Now teenagers and those in their early twenties know these concepts of adulthood, but knowing and understanding are two different things. The artist, being older, now understands these concepts, and his work changes to reflect that. The fan, being younger, does not understand the changes, and labels it the best way he can, "selling out."

Everything that I have been talking about has been generalities. Anyone reading this forum can instantly name exceptions to everything that I have said. Since you said this was for a film project, the idea of a generation gap might give you something unique to work with.
  04 April 2005
Selling out - When an artist is doing exactly what he wants to do. Is being well paid for it. BUT it is not what total strangers think he should be doing.

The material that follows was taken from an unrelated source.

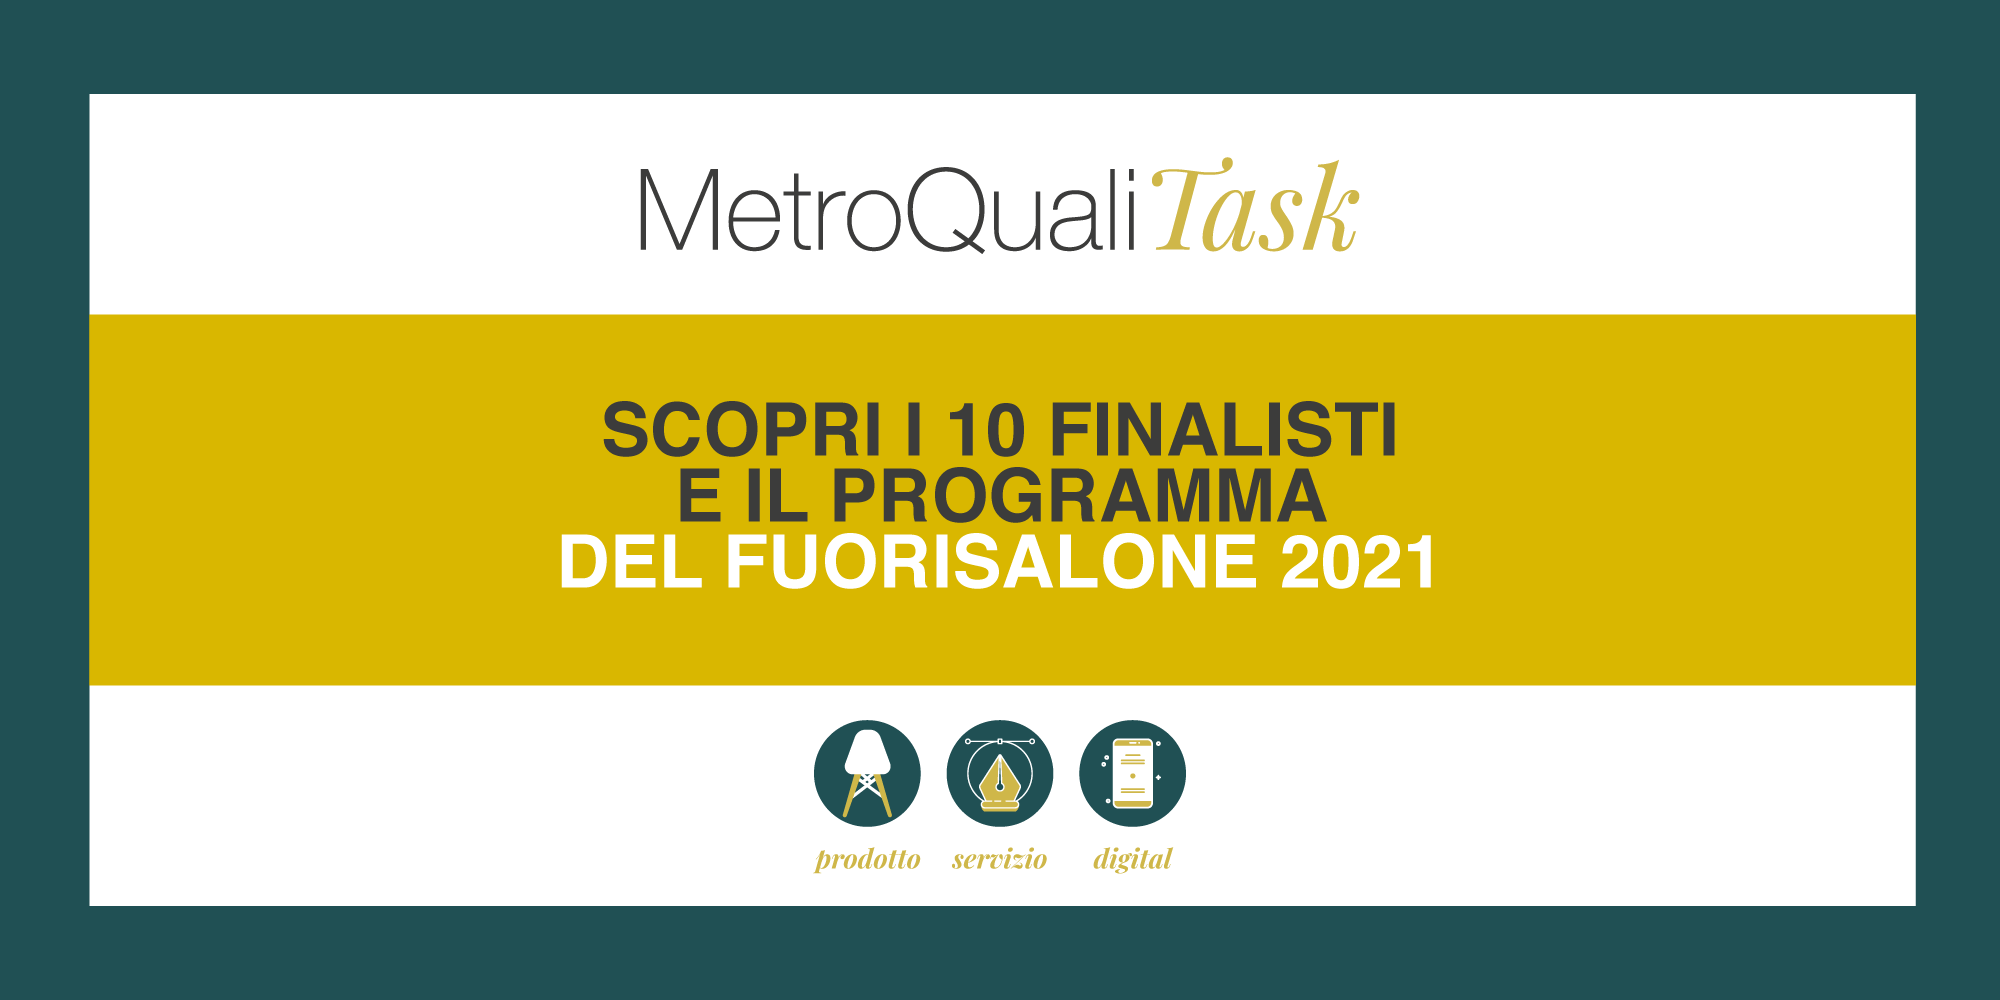 metroqualitask metroquality scopri i 10 finalisti contest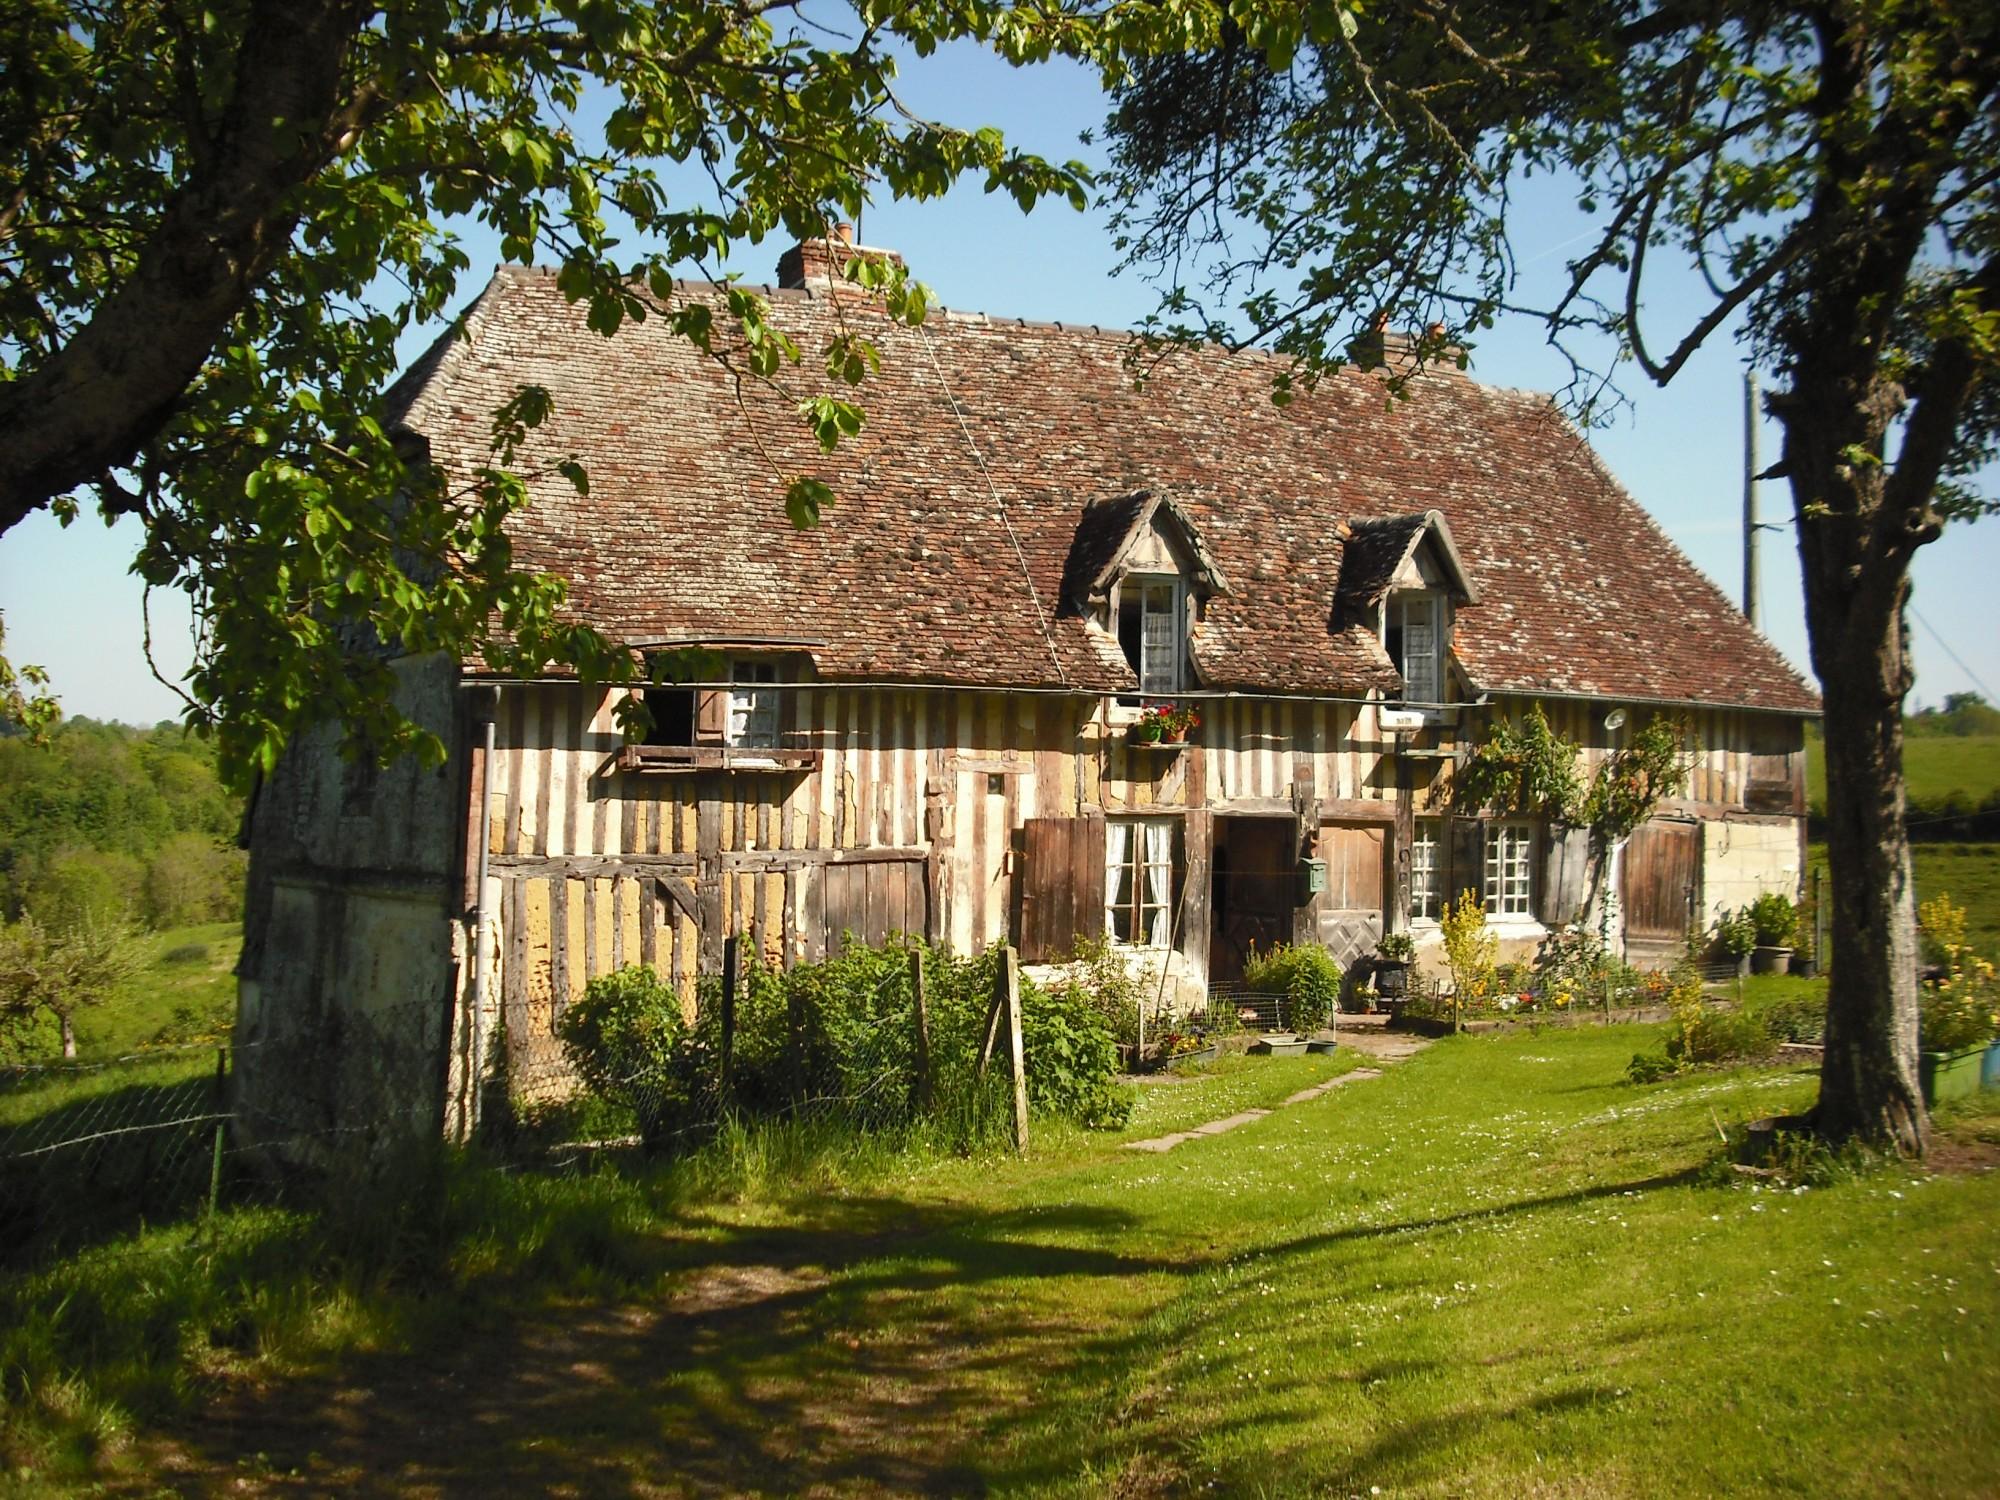 maison normande lisieux normandie calvados 14 terres et demeures de normandie. Black Bedroom Furniture Sets. Home Design Ideas

That is when everyone shouts "Sell Out" !
Stan Slaughter
We have enough youth, how about a Fountain of Smart?

  04 April 2005
I think that selling out is a term that is used when we're all younger having no real sense of what survival means, naive about life, and how business work. As you get older and more responsibilities are handed to you a sudden realization will dawn on you that if you don't start thinking for yourself, no one will. Boy meets world and is changed forever. You become a man and ideals fly out the window real fast if you're baby's crying and there's no milk. The question really is how much integrety do you have if you don't seek financial gain from your work or adapt for profit while your 2 month kid is malnutritioned, could you really say that's integrity?

Stability also influences the idea, I think. If I had nothing to lose and content with where I'm at I could easily say I'll never sell out.
latest: Digital 2D Wip
  04 April 2005
There are some good points here. The three posts about this one are quite true. Age can change your perspective, and open up more understanding.

It should be remembered that success doesn’t automatically equal selling out.